### WHAT TO WORK ON
Write the data out again exactly, dropping any images it holds.
SOURCE MATERIAL: Begin
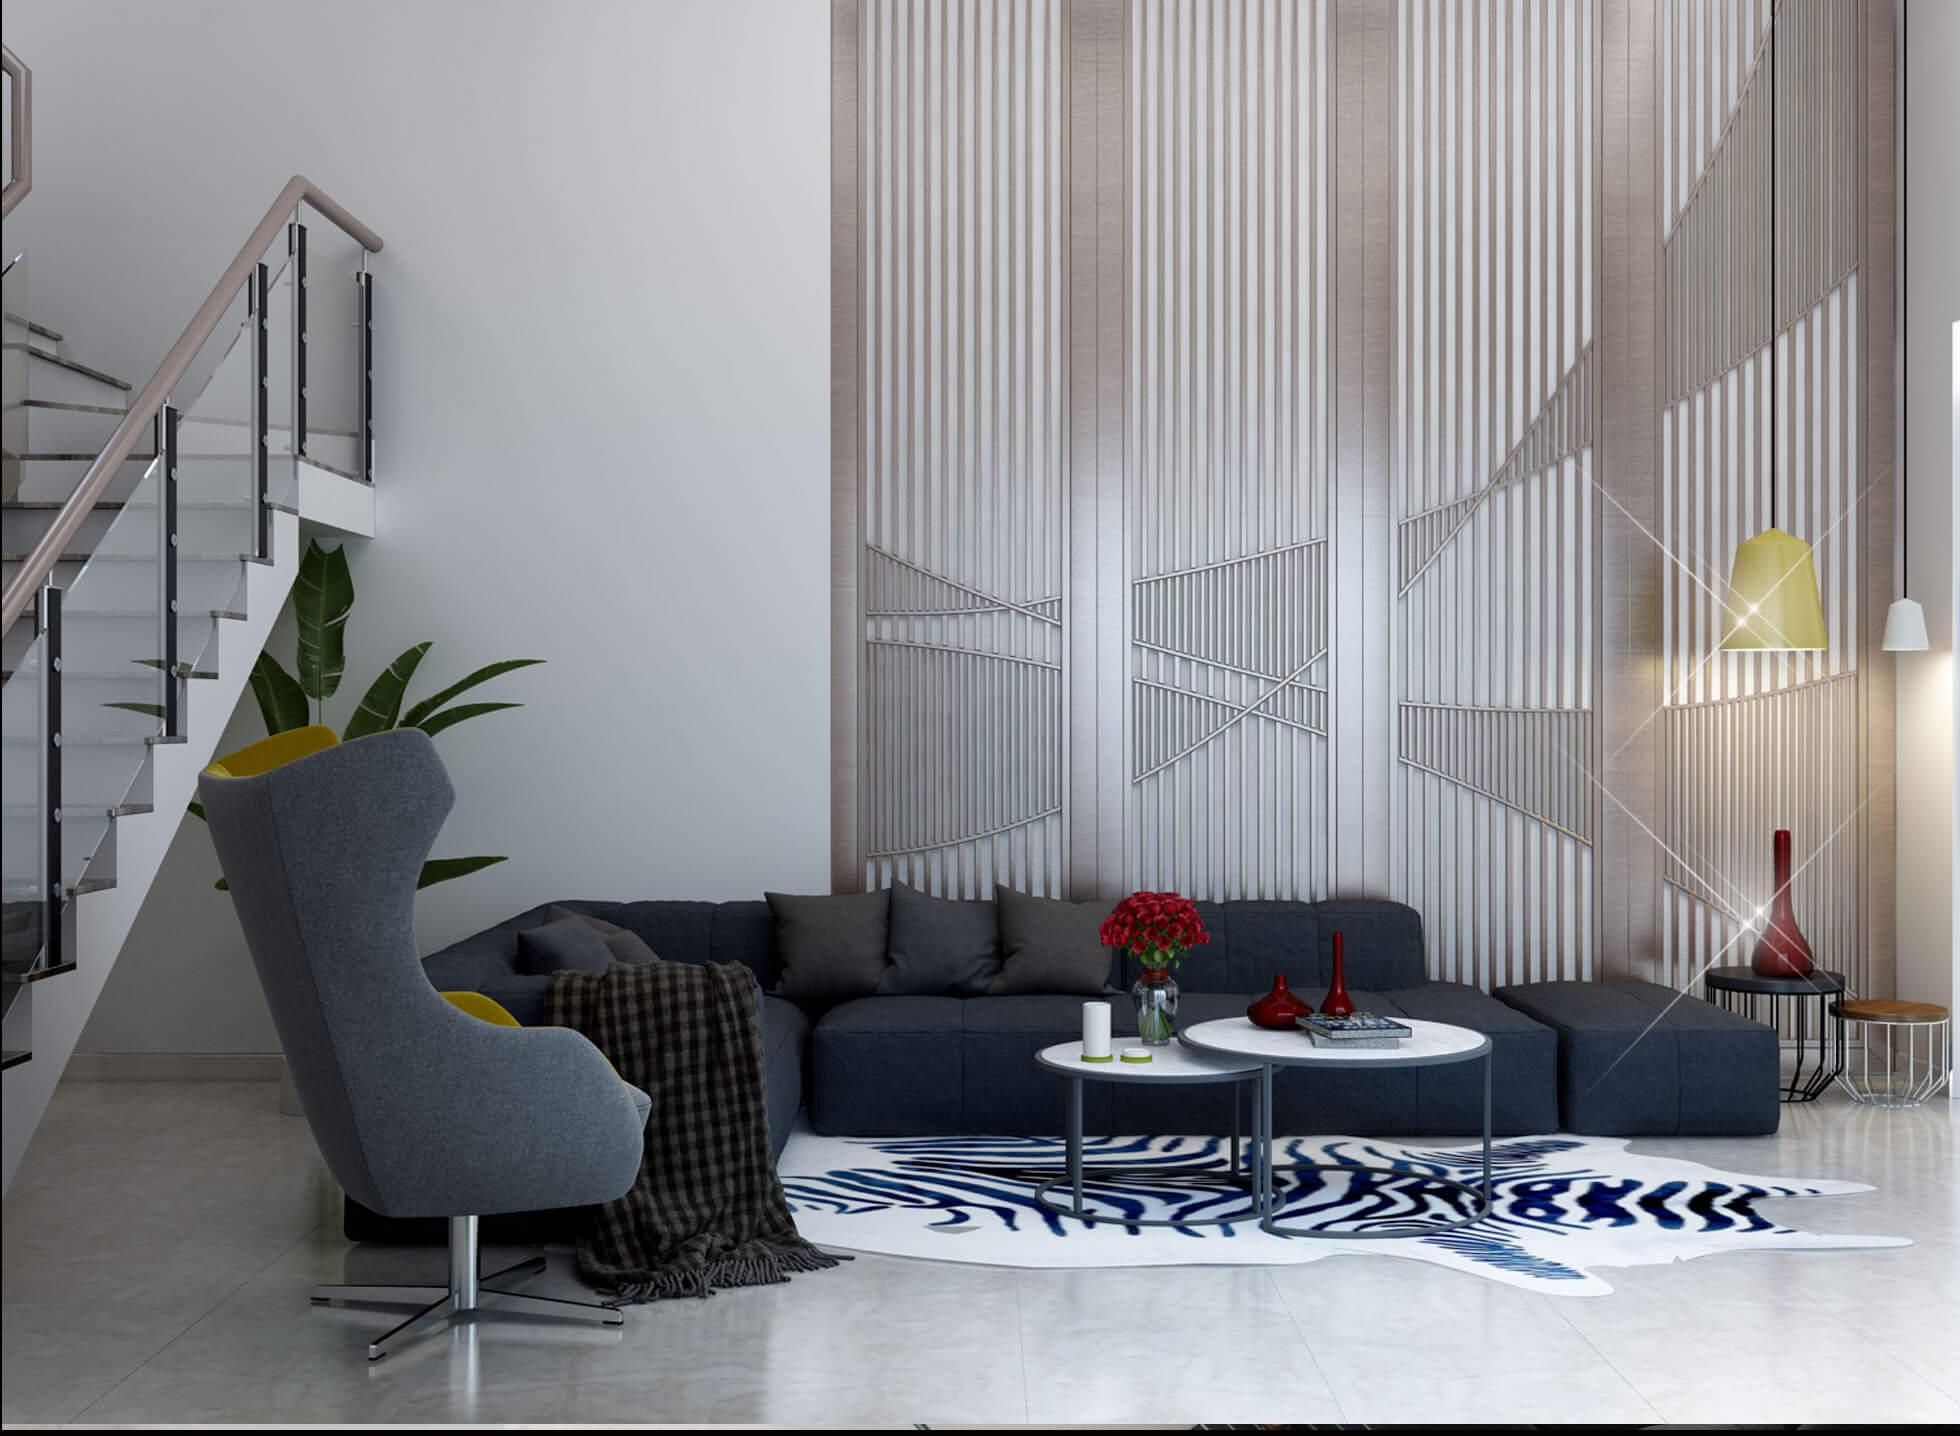 Phòng khách được bố trí đơn giản, với màu sắc tương phản làm nổi bật không gian
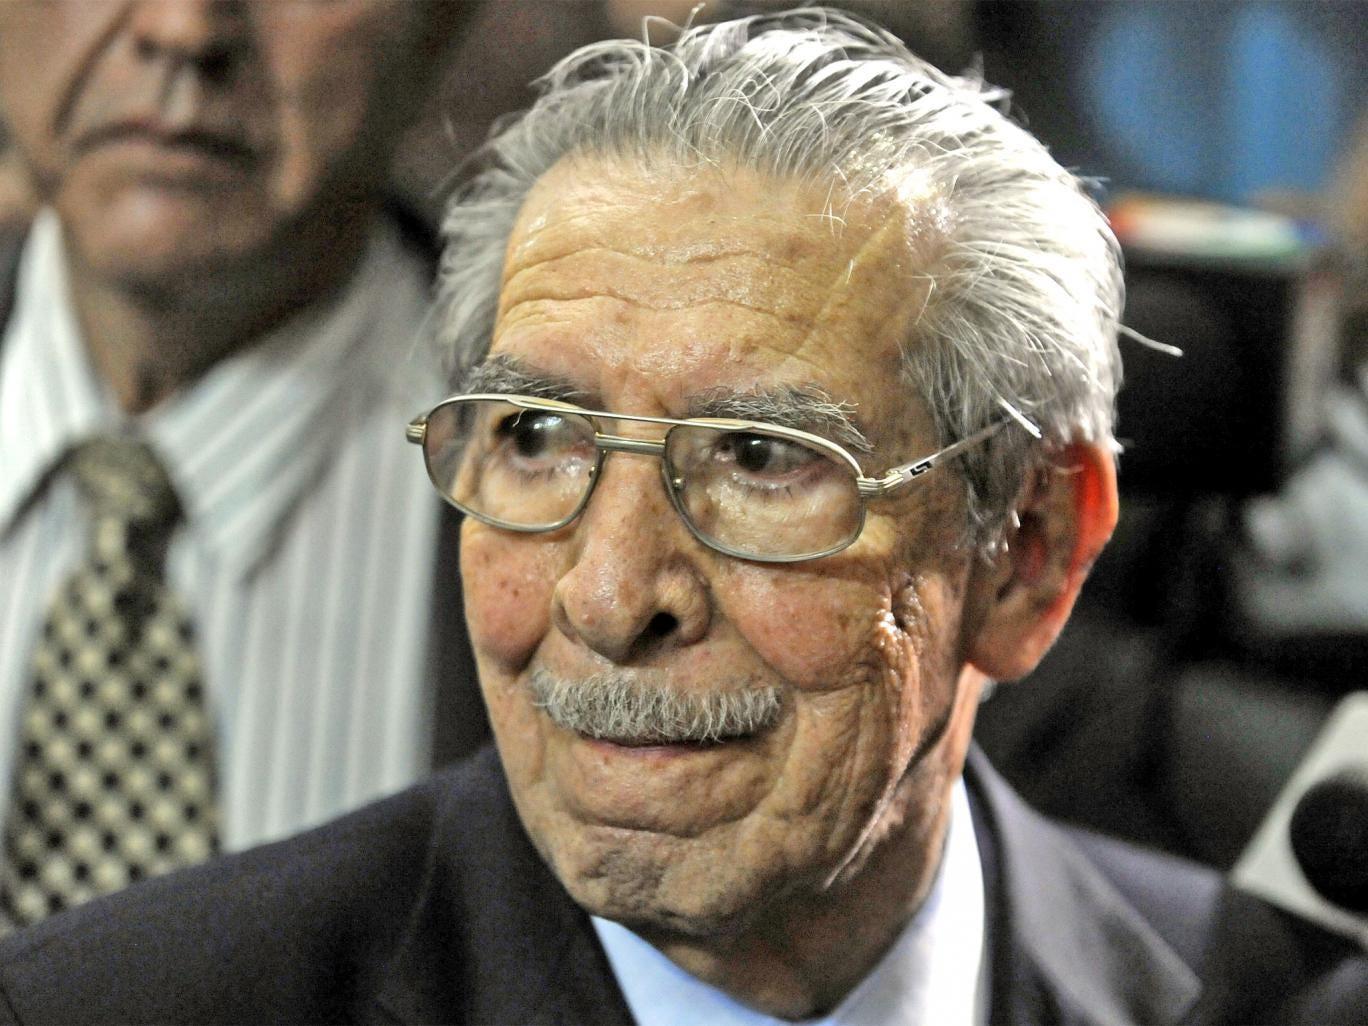 General Efrain Rios Montt listens in court yesterday
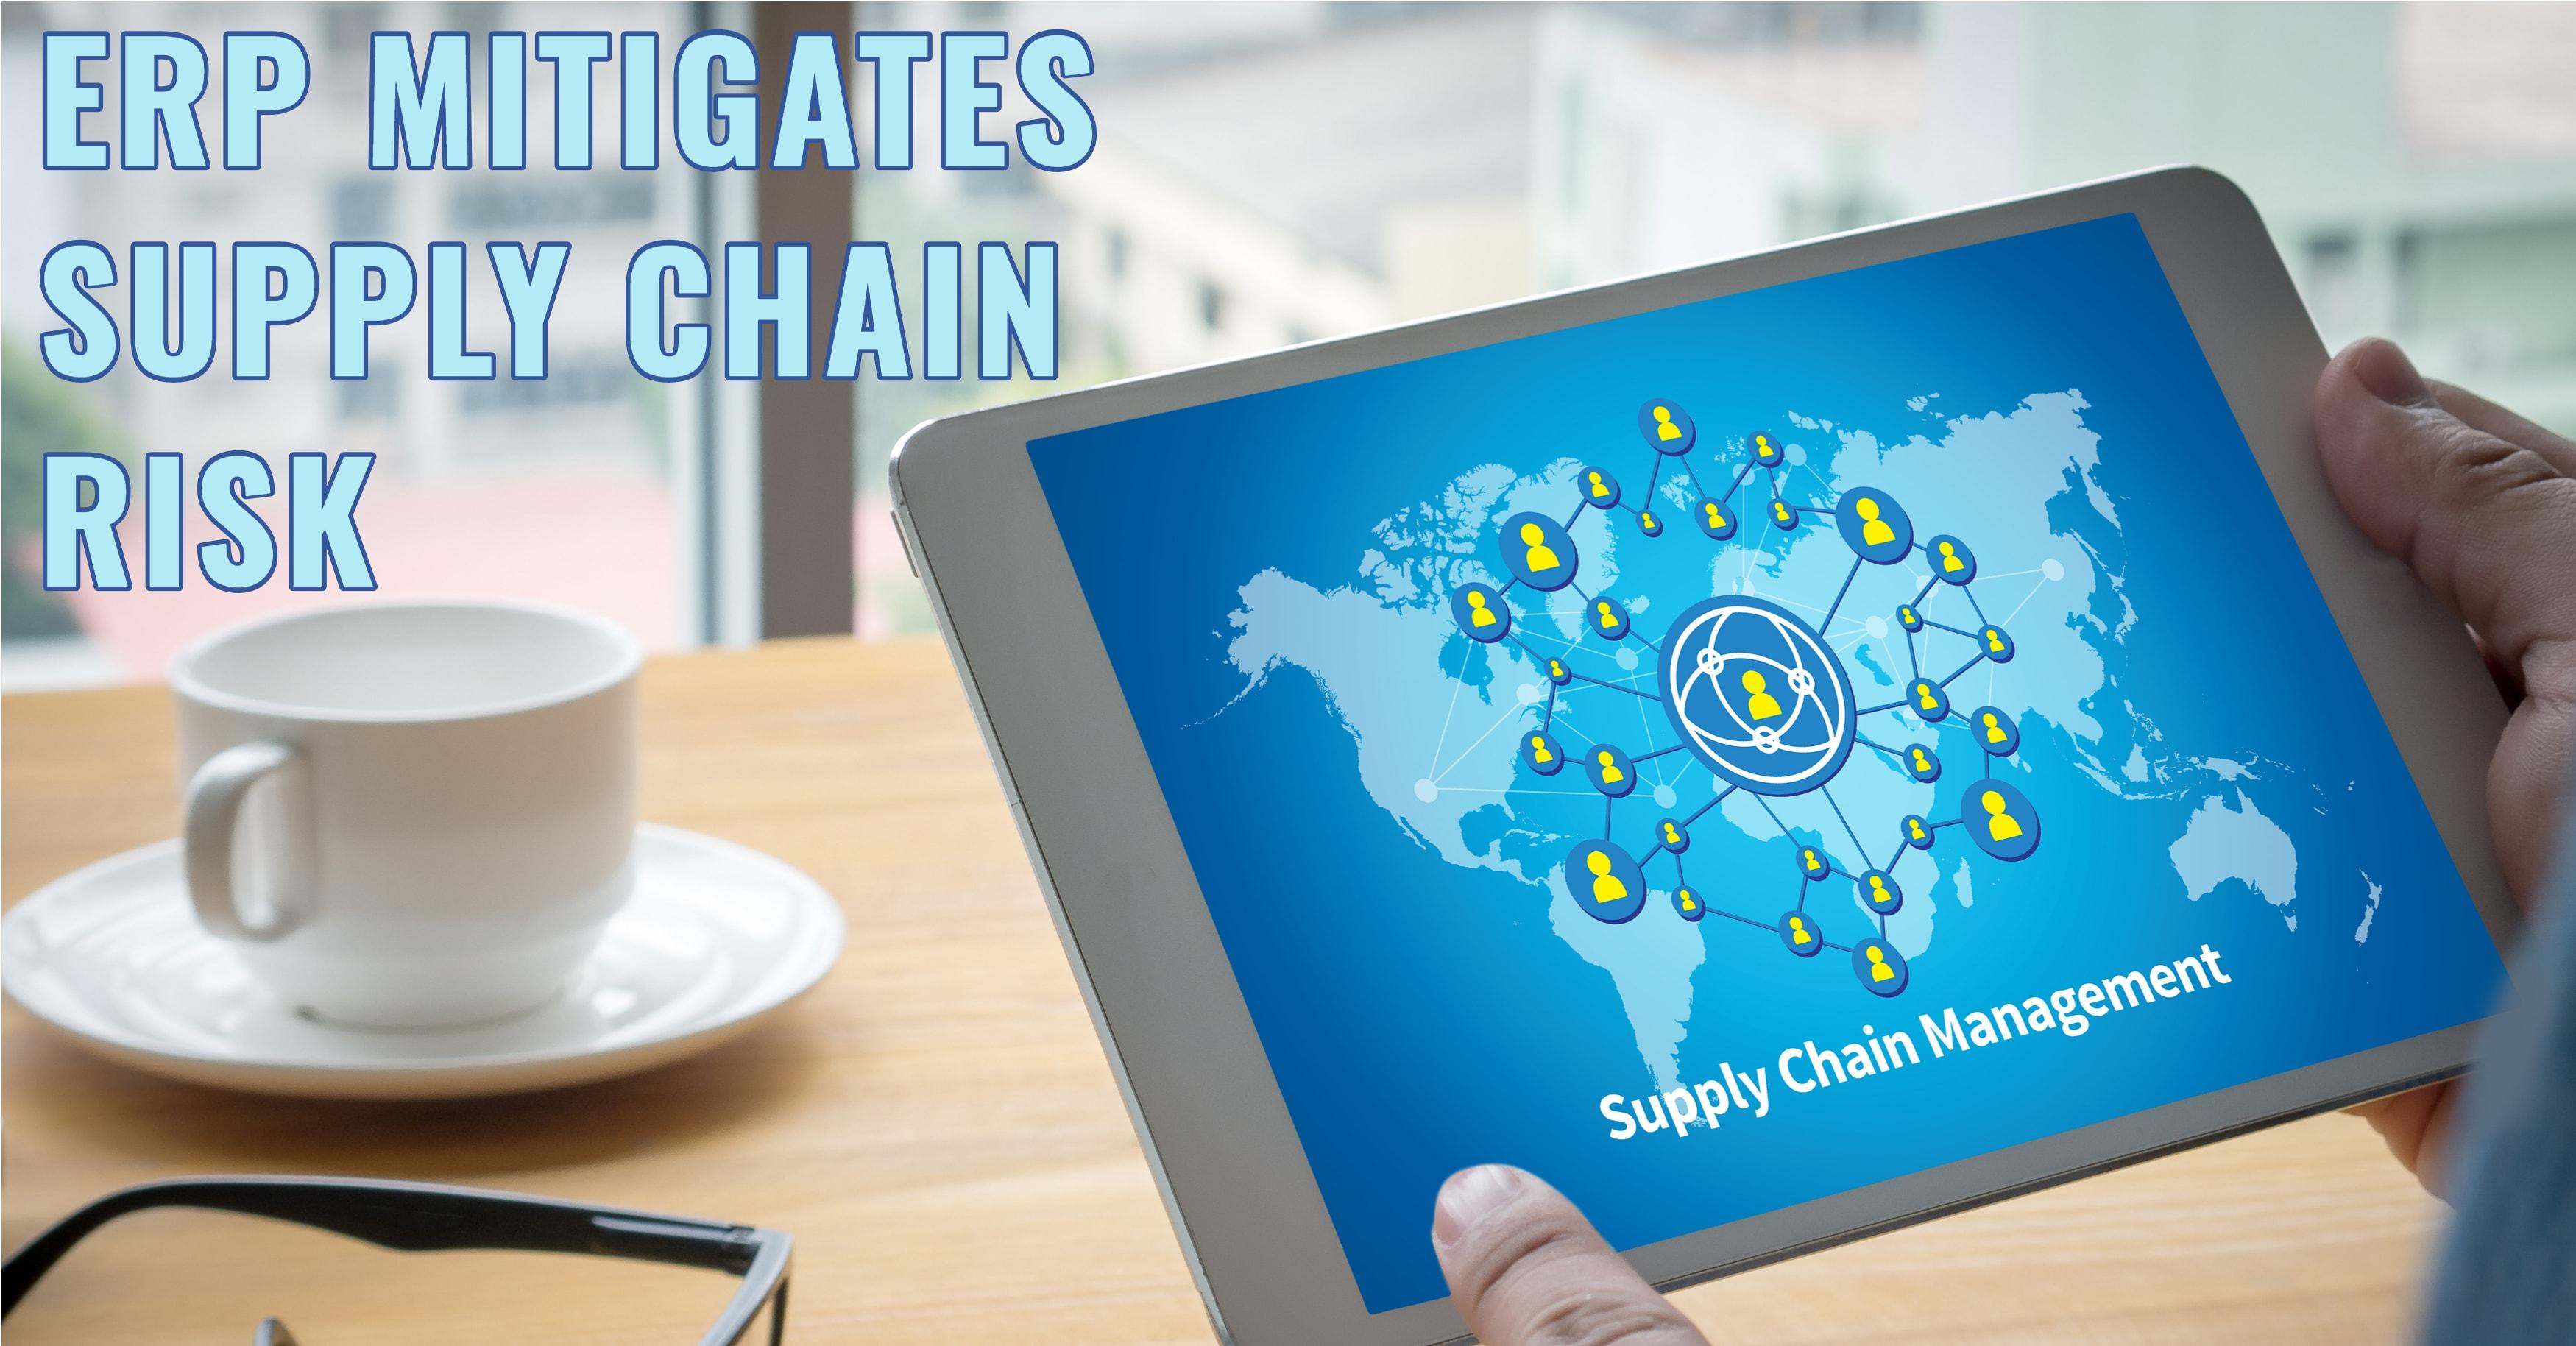 ERP Supply Chain Risk
SOURCE MATERIAL: End
### COMPLETED EXERCISE
 Phòng khách được bố trí đơn giản, với màu sắc tương phản làm nổi bật không gian
 General Efrain Rios Montt listens in court yesterday
 ERP Supply Chain Risk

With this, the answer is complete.